Ed era così che era iniziata con lui. Caso più unico che raro: un suo allievo, poco più giovane di lei. Un bassista di una band della città. Come era iniziata tra loro? Aveva iniziato a frequentare casa sua per perfezionare certe tecniche che non era mai riuscito a imparare. E lei lo aveva impostato ripartendo da zero, correggendo certi errori che aveva ravvisato nel suo modo di suonare. Prima di insegnargli lo slap alla maniera di Les Claypool dei Primus, come voleva imparare lui, gli aveva insegnato l’armonia, il solfeggio, l’importanza di tenere il tempo. Ed era in quell’occasione che aveva iniziato a sentirsi a disagio in compagnia di Andrea. Quel giorno in cui, lo ricordava perfettamente, lo aveva accolto vestita in maniera più femminile del solito. Già pronta per uscire per un compleanno, aveva già indossato i collant e una gonna elegante che copriva a malapena le ginocchia. Gli stava facendo studiare degli schemi di note, tenendo il conto delle battute con il piede. Niente. Di seguire il tempo, quel giorno Andrea non ne voleva sapere. Le guardava di continuo i piedi.
“Di nuovo… occhio alla sincope lì… attento a quel cazzo di accento, basta solo starci attento, dai, stai attento cazzo, forza: ooone twooo threee fooour…” diceva Rossella. E iniziava con il piede a battere il tempo. E lui guardava. Se ne era accorta del suo sguardo. Uno dei pochi che non le guardavano i grossi seni. Che comunque, quel giorno, non erano certo in mostra ma ben chiusi dentro una camicetta bianca. No, Andrea le fissava i piedi. Almeno avesse indossato delle scarpe eleganti… avrebbe capito. No, quel giorno, con delle semplici ciabatte di sughero, l’attenzione di Andrea era tutta per i suoi piedi. Non sapeva con certezza se quello che pensava era vero, ma la direzione dello sguardo di lui parlava chiarissimo. Si spostò, di modo da nascondergli la vista dei suoi piedi e iniziò a tenere il tempo con la penna sul tavolo.

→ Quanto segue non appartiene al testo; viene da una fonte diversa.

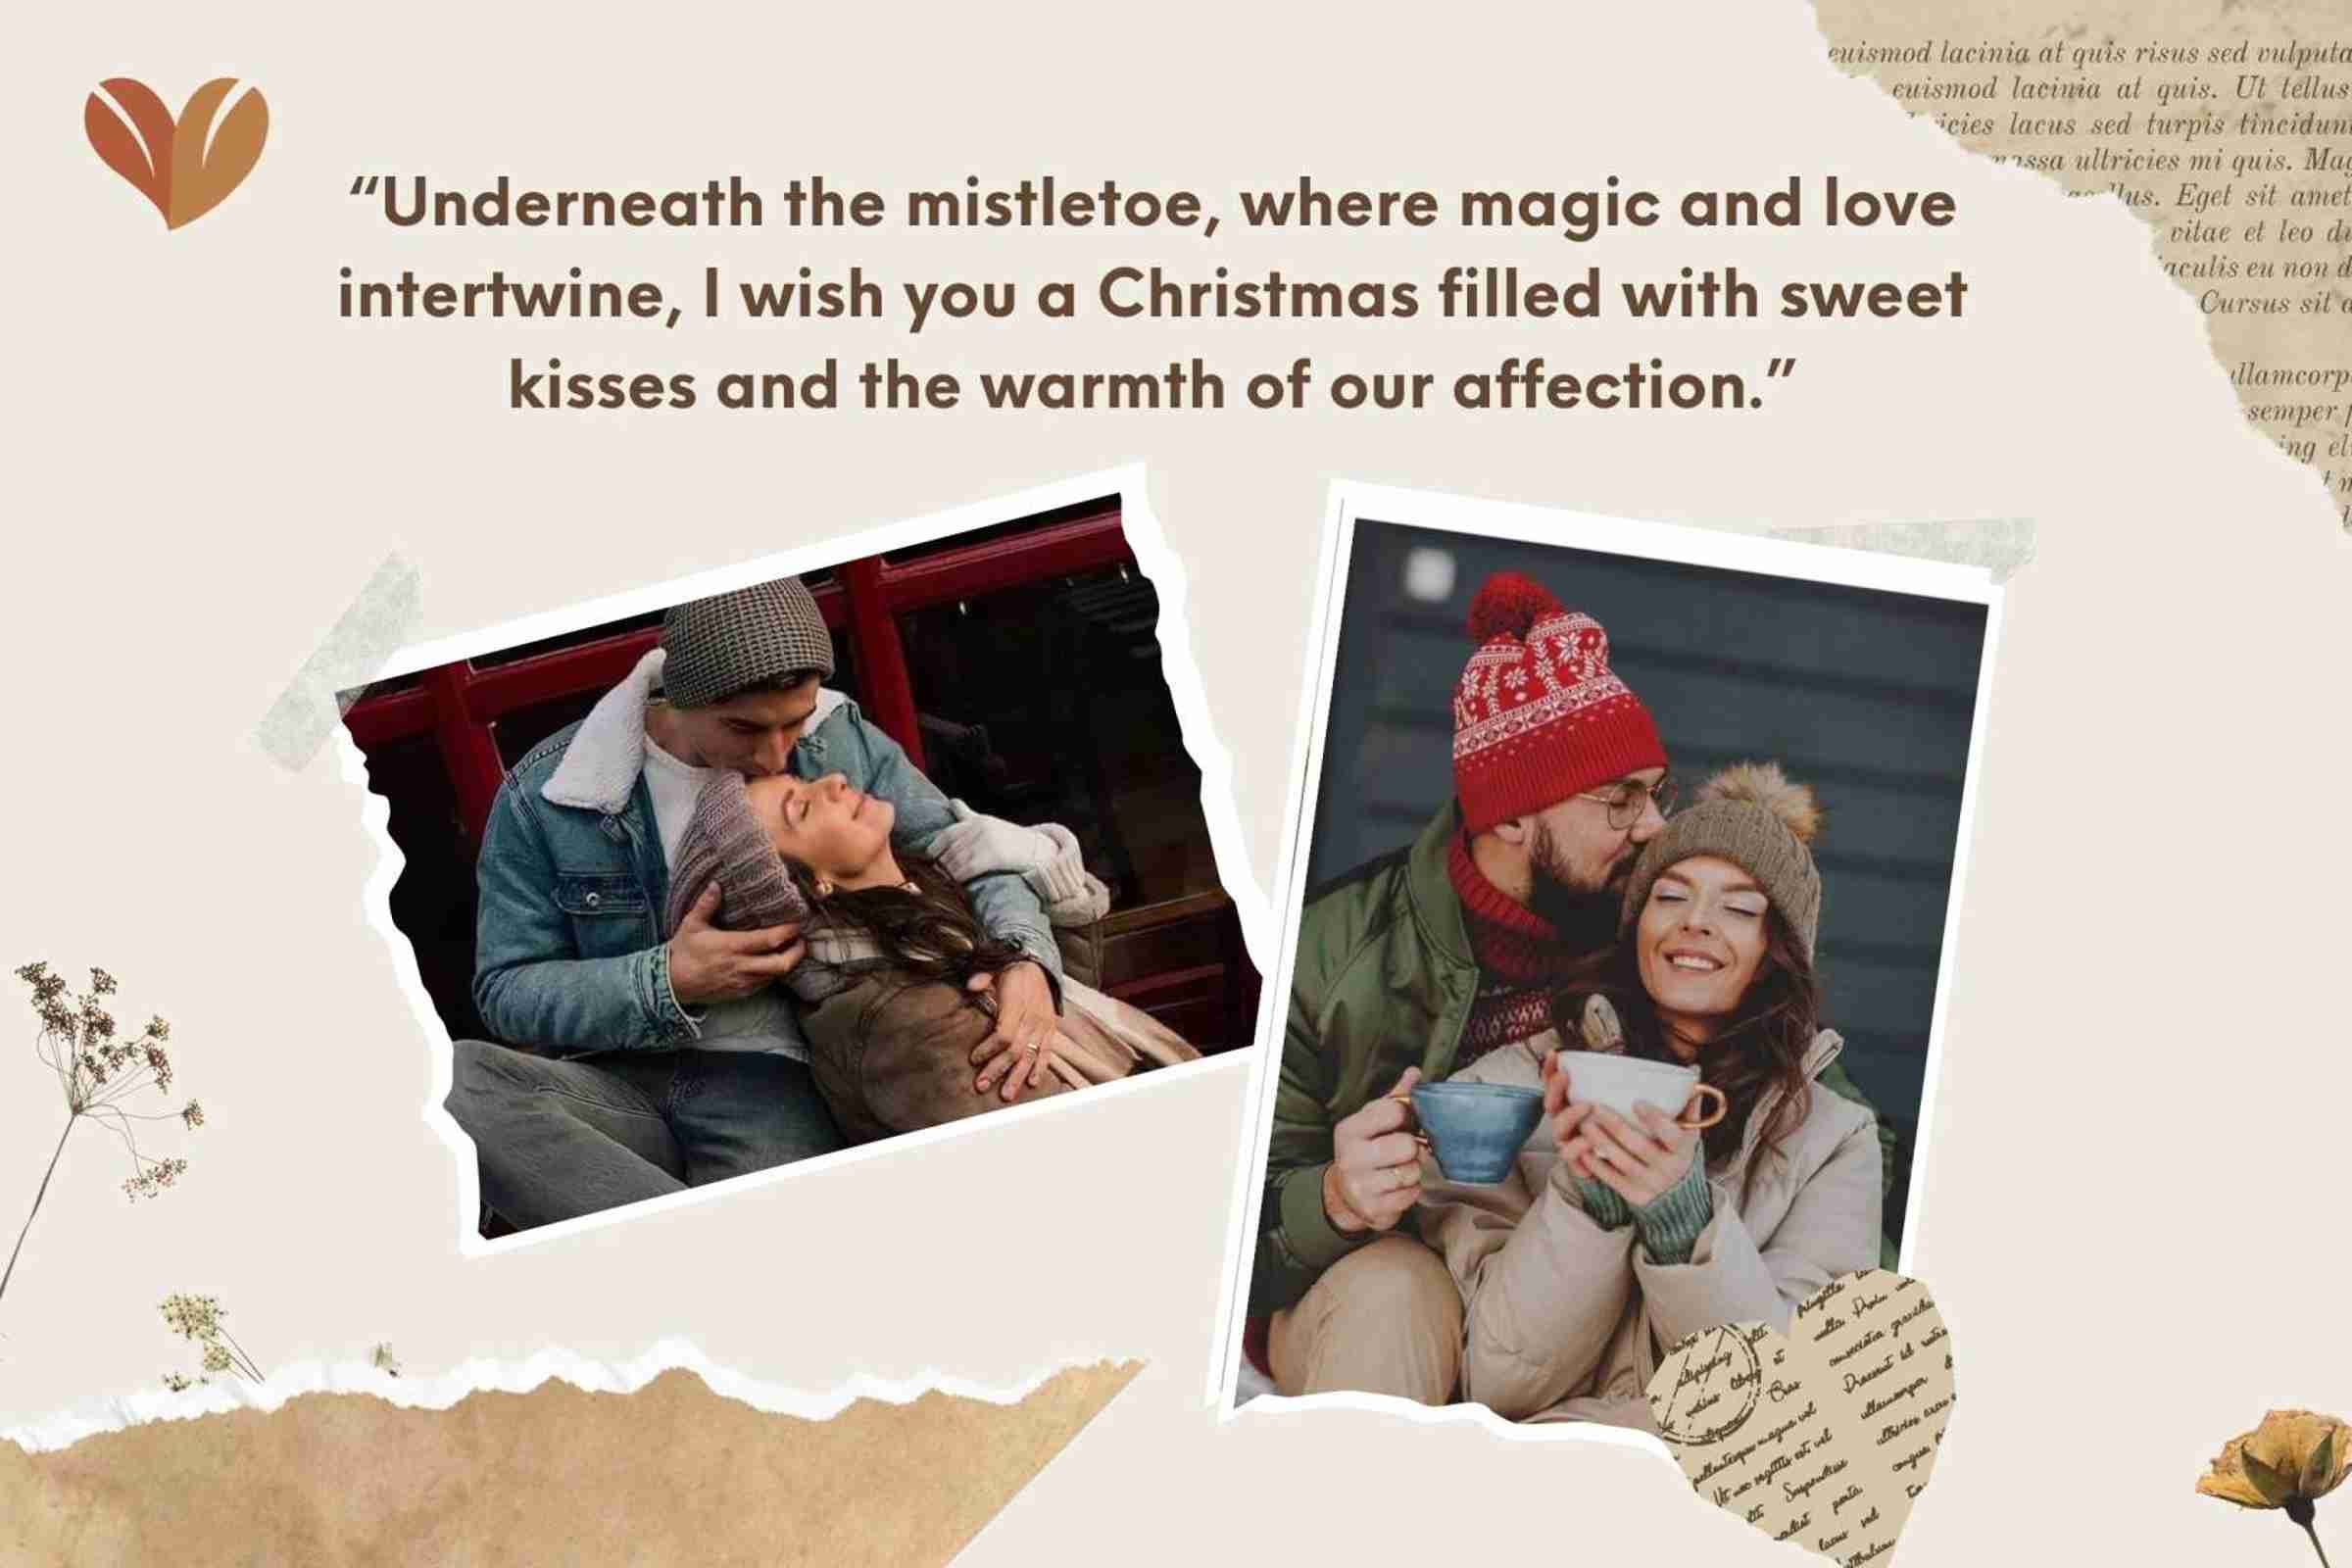 “Underneath the mistletoe, where magic and love intertwine, I wish you a Christmas filled with sweet kisses and the warmth of our affection.”
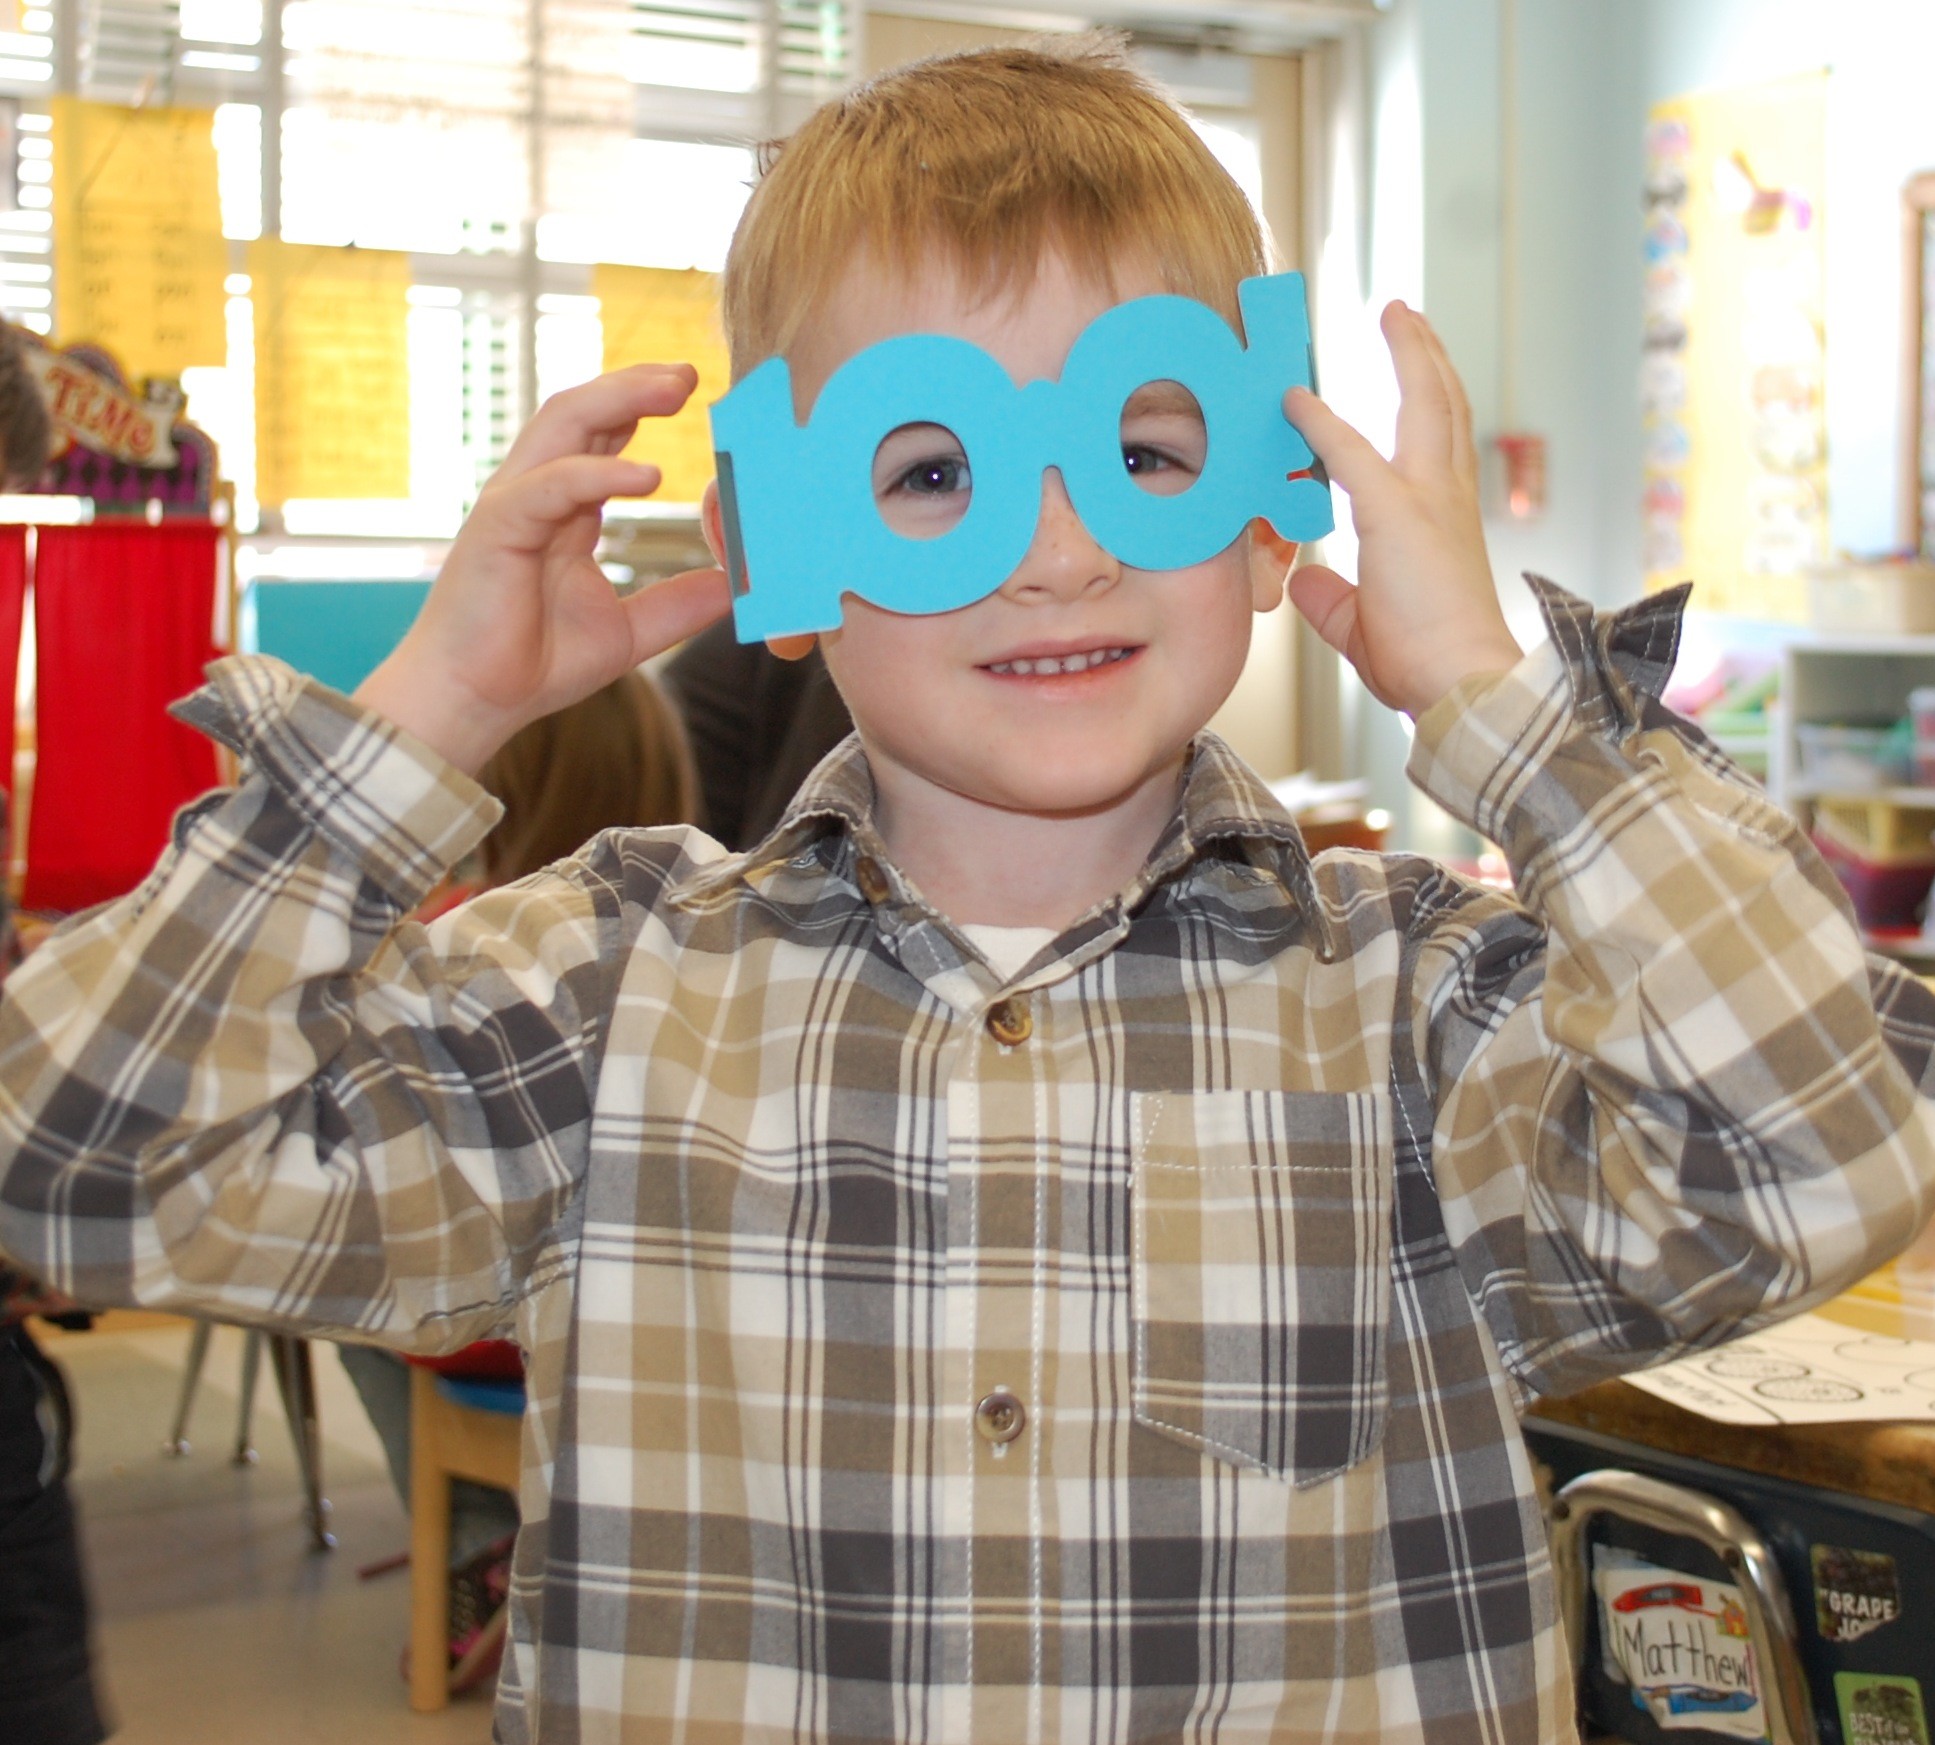 Nicholas Weber, a kindergartner at the Seaford Manor School, tried on special glasses last Friday to celebrate the 100th day of school.

“Tac tac tac tac...”: perfetto. Il suono del basso di Andrea era perfetto. A tempo e preciso. Decise di ripetere l’esperimento. Cambiò ancora posizione girando la sedia, mettendo i piedi in mostra, accavallando le gambe e continuando a tenere il tempo con la penna sul tavolo. E di nuovo Andrea faticava a suonare giusto. Si alzò in piedi e si mise dietro di lui. E di nuovo lui suonò perfetto. Ora passeggiava per la stanza sciabattando, battendo le mani a tempo. E di nuovo il suono diventava incerto e zoppicante. Ok, era sicura. Le guardava i piedi. Si sentiva a disagio ma al contempo la cosa le faceva piacere per il desiderio che leggeva negli occhi di lui: era uno sguardo carico di voglia ma anche di rispetto e di ammirazione, forse dovuto anch al ruolo che lei aveva in quella situazione. Fece finta di niente e lo incoraggiò:
“Vedi, inizia a venirti bene la parte!!!”
“Già...” rispose lui.
“Basta stare attento a quello che fai...” disse Rossella, lanciandogli una frecciatina scherzosa.
“Eh lo so…”
“Vediamo che fai ora...” pensò lei. Si appoggiò alla scrivania mentre lui ancora provava quel riff che non voleva saperne di uscire bene. Puntò il metronomo e gli disse di seguire la lancetta. Andrea iniziò ancora a suonare.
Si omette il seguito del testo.